I did an interview with John Kalish who does alot of stuff for NPR. I met John five or six years ago when he did a Morning Edition piece on a book of mine 12000 Miles In The Nick of Time which was about a journey my family took around the world. My oldest daughter, 16 when we took the trip, was talking about our sojourn in India, a place the children found to be somewhat overwhelming. She told a story about how while all her friends were back in New York living what she believed to be a “normal” life, she had been coerced into traveling through the Indian night in a second class sleeper which amounted to stretching out on the luggage rack.
“This man wanted to know about us,” my daughter told Kalish, “he kept asking `what is the name of your God?'” This segment made it to the final cut of Kalish’s piece and was broadcast across the country, including in New Orleans where it was heard by Skip Henderson. “What is the name of your God?” caught Skip’s attention. By this time Skip and I, after meeting in Clarksdale, Mississippi ten years earlier, had more or less fallen out of touch. Kalish’s piece, however, got us back together.

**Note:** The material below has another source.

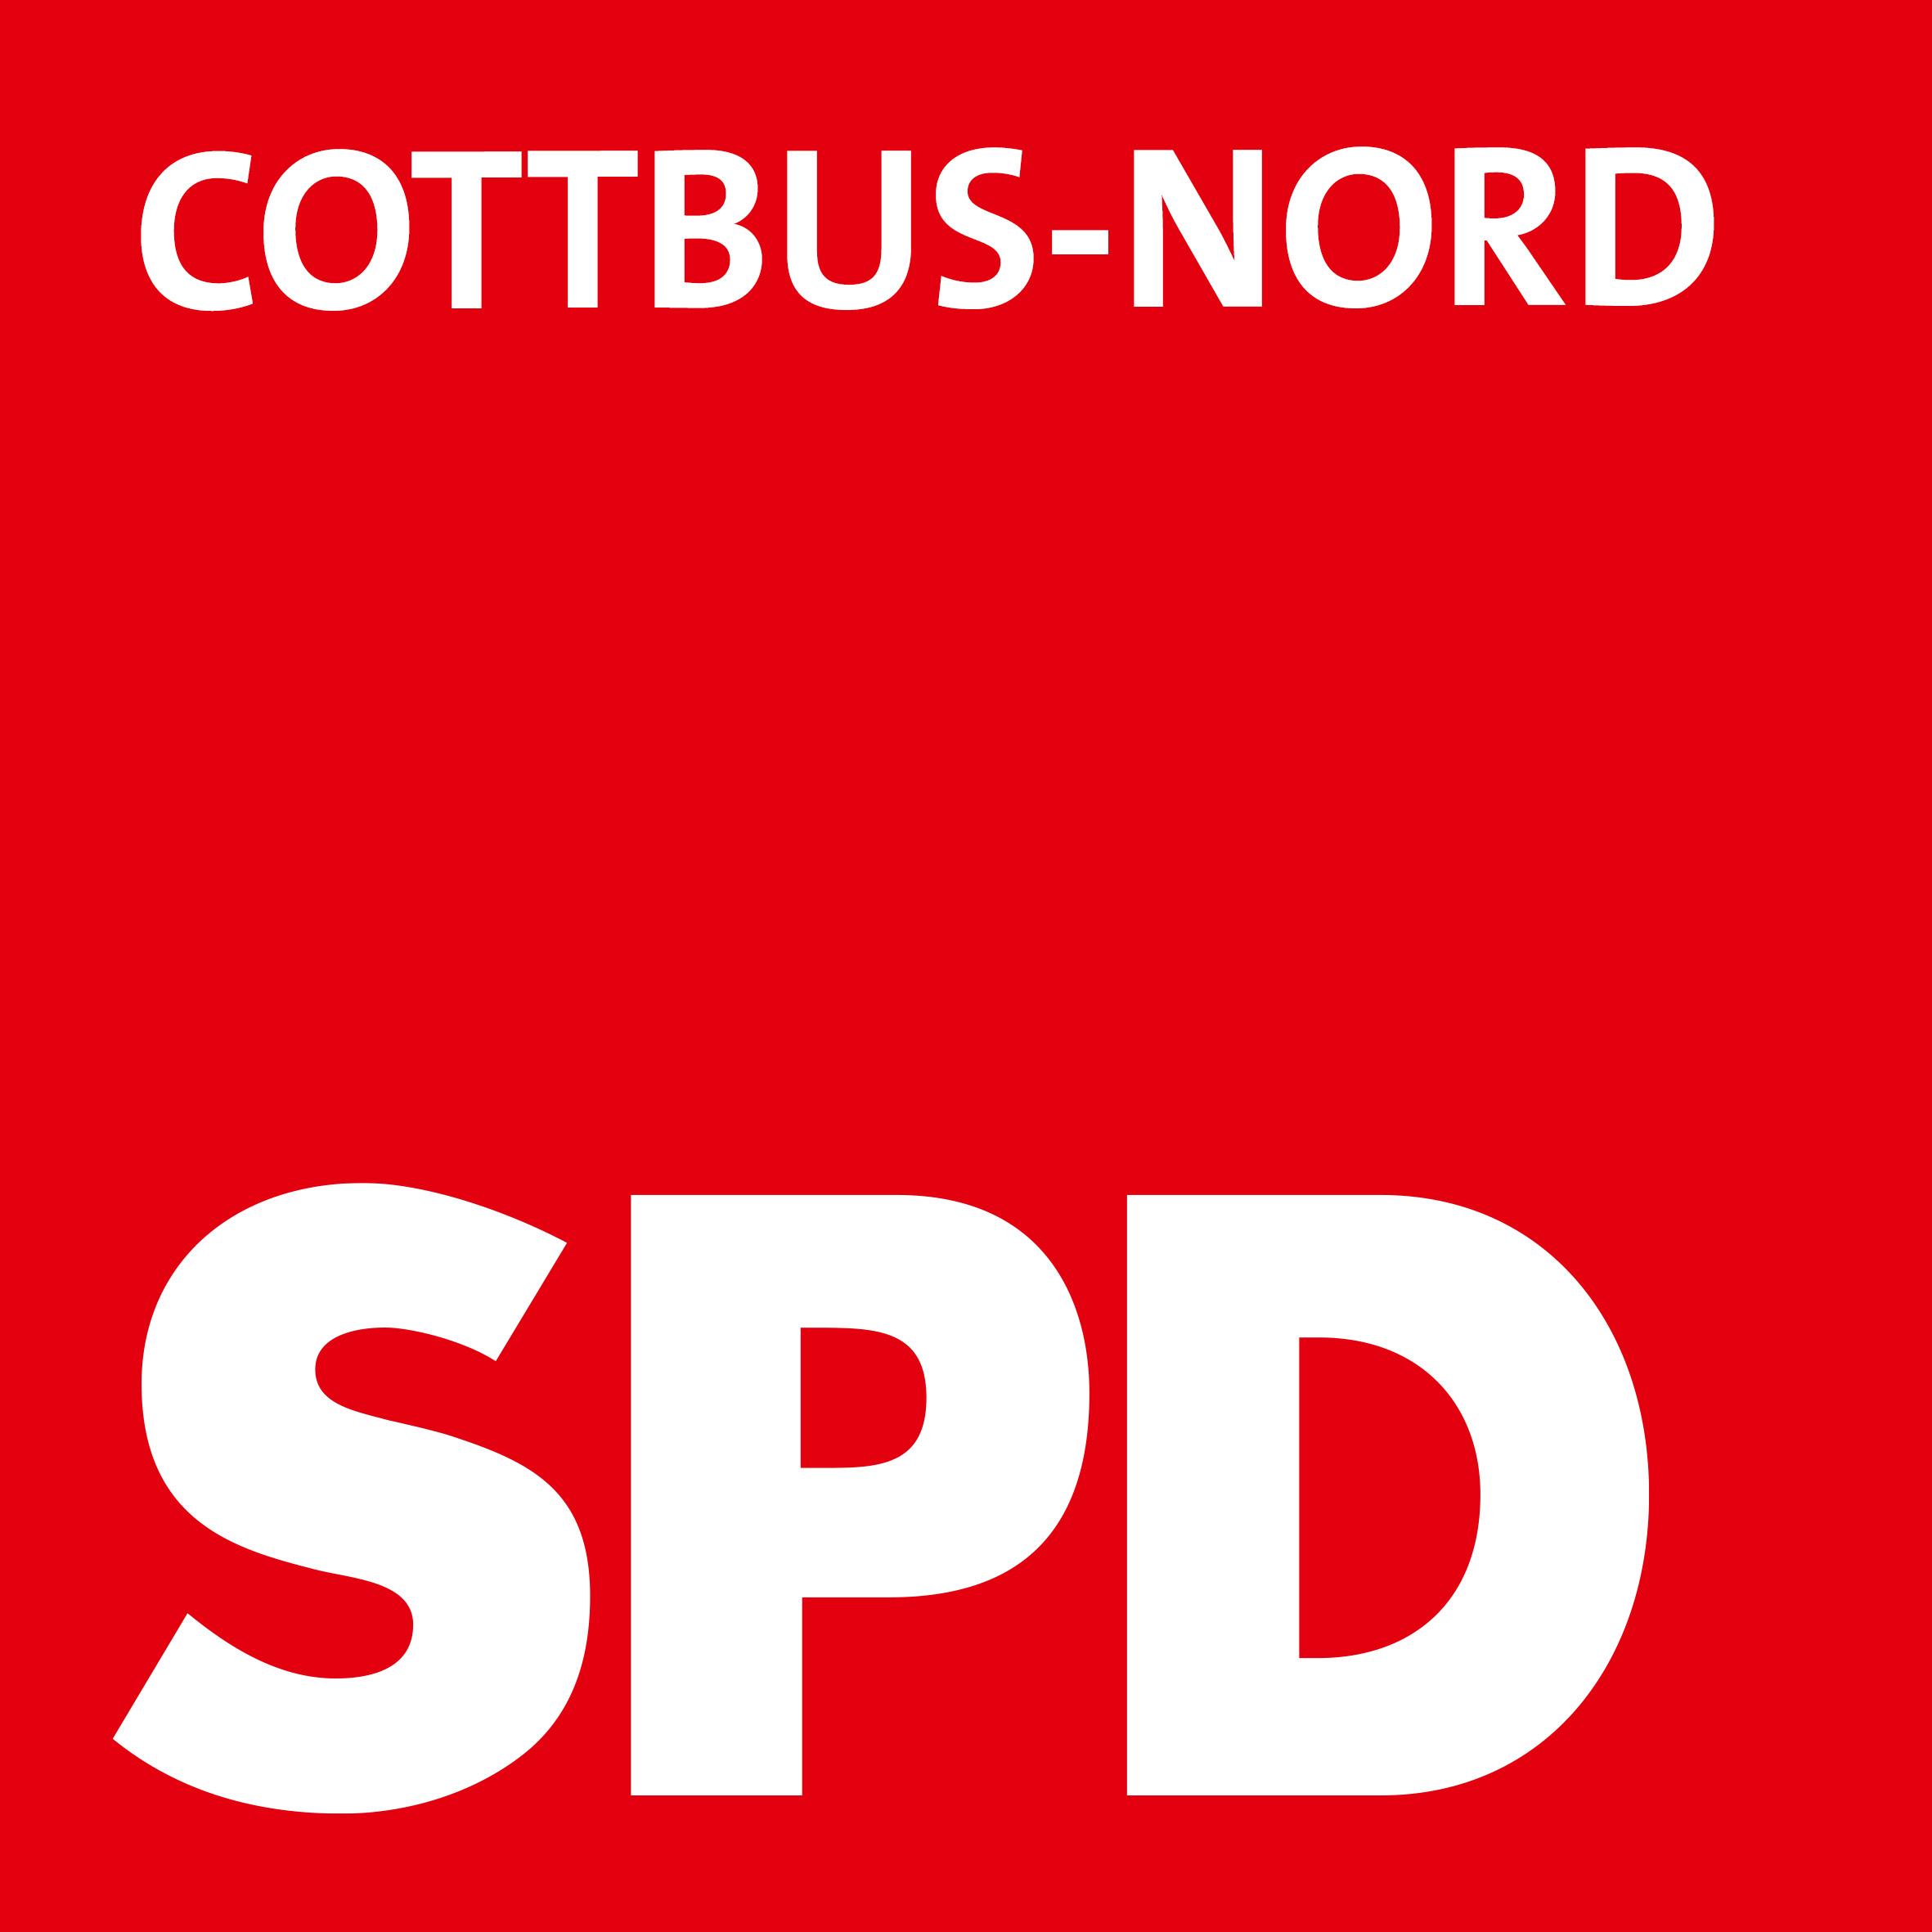 SPD Cottbus-Nord
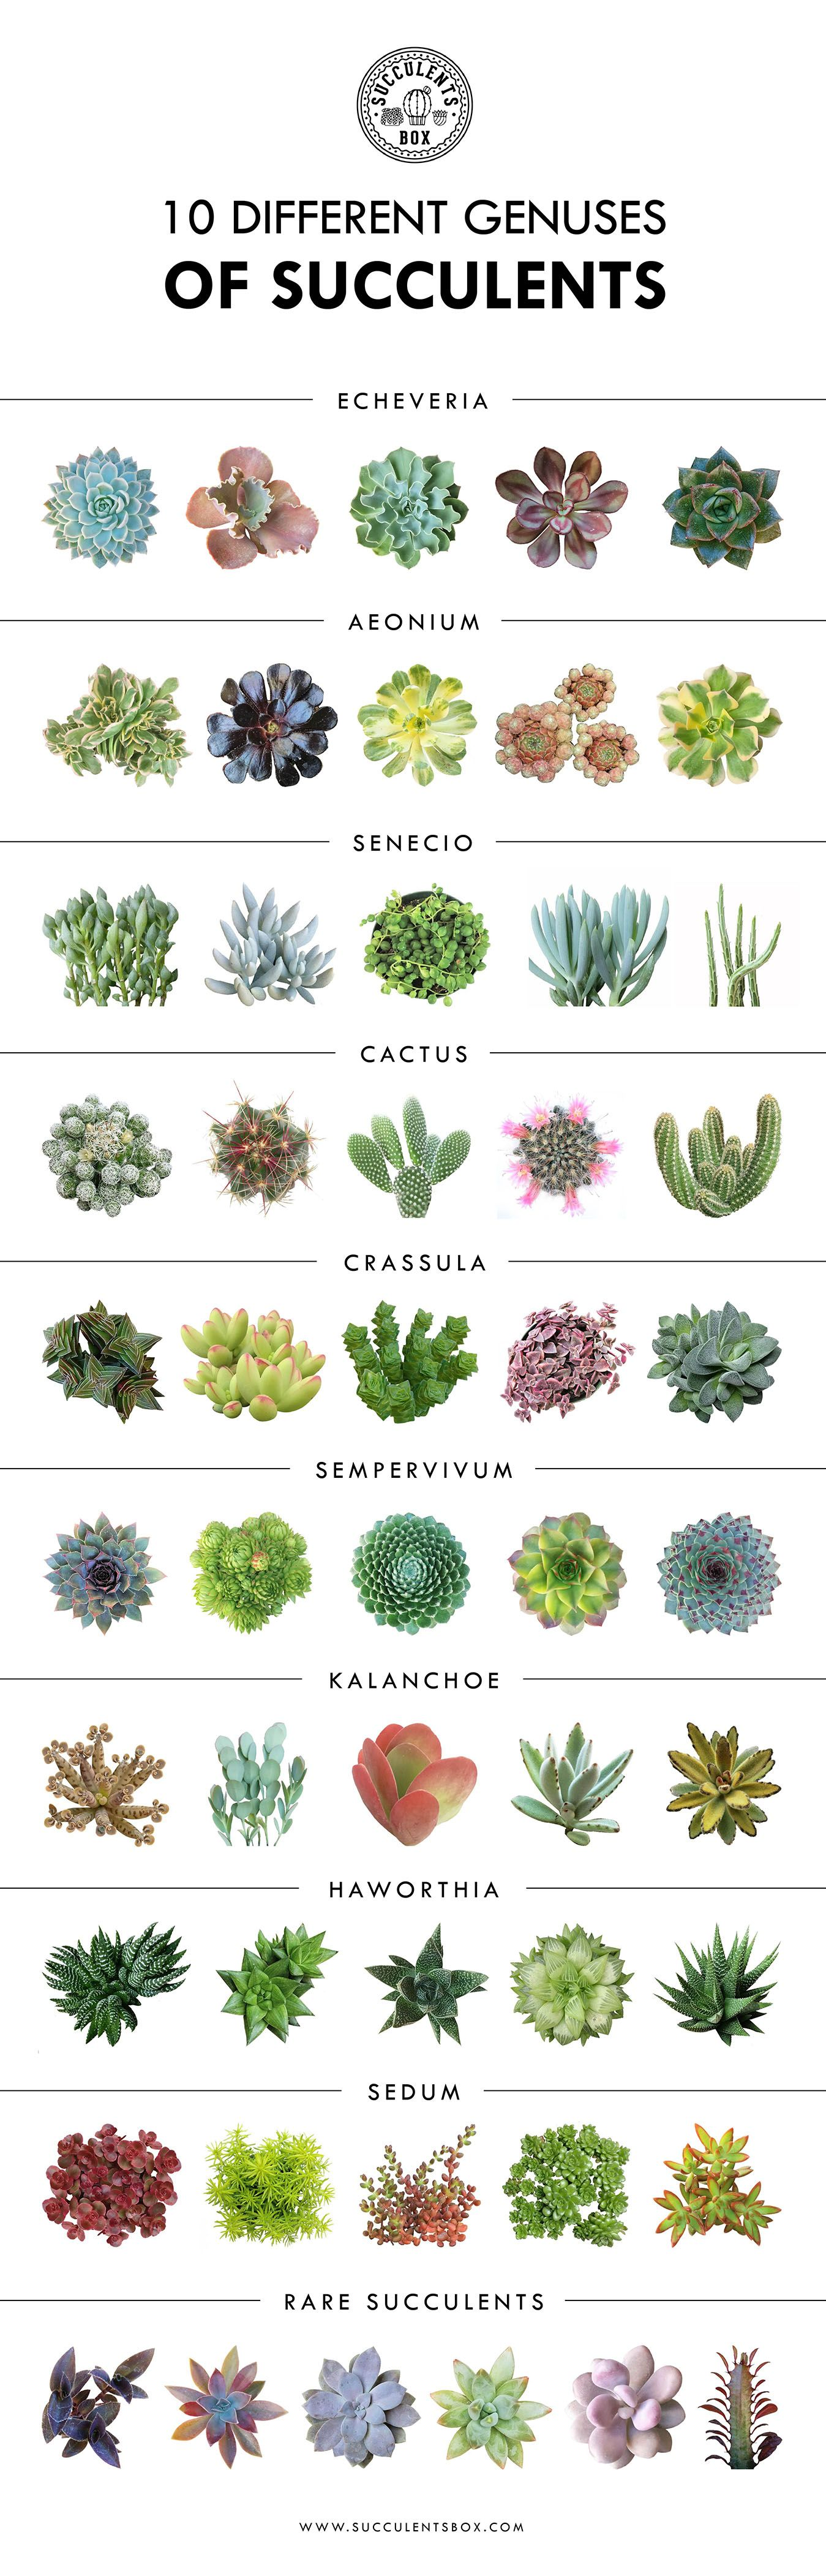 10 Different Genuses Of Succulents Succulents Echeveria Sedum Cactus Kalanchoe Aeonium Senecio Sepervivum Cotyle Plants Planting Succulents Succulents

We talked on the phone and renewed our friendship. Three years later Katrina hit New Orleans and four or so months after that Skip bought the lampshade at Dave Dominici’s rummage sale.
“So in a way,” I told Kalish after he taped the interview about the lampshade, “if it wasn’t for you doing that piece we wouldn’t be recording this one because that how I reconnected with Skip Henderson.” In this manner, I told Kalish, he had unwittingly played a crucial part in the lampshade story
Now, John Kalish is a very sympatico guy and an excellent interviewer. For him radio has always been a mysterious medium, waves across time and space, a way to reach backwards and forwards through human affairs. Still, hearing of his ostensible role in the shade saga, he could only groan.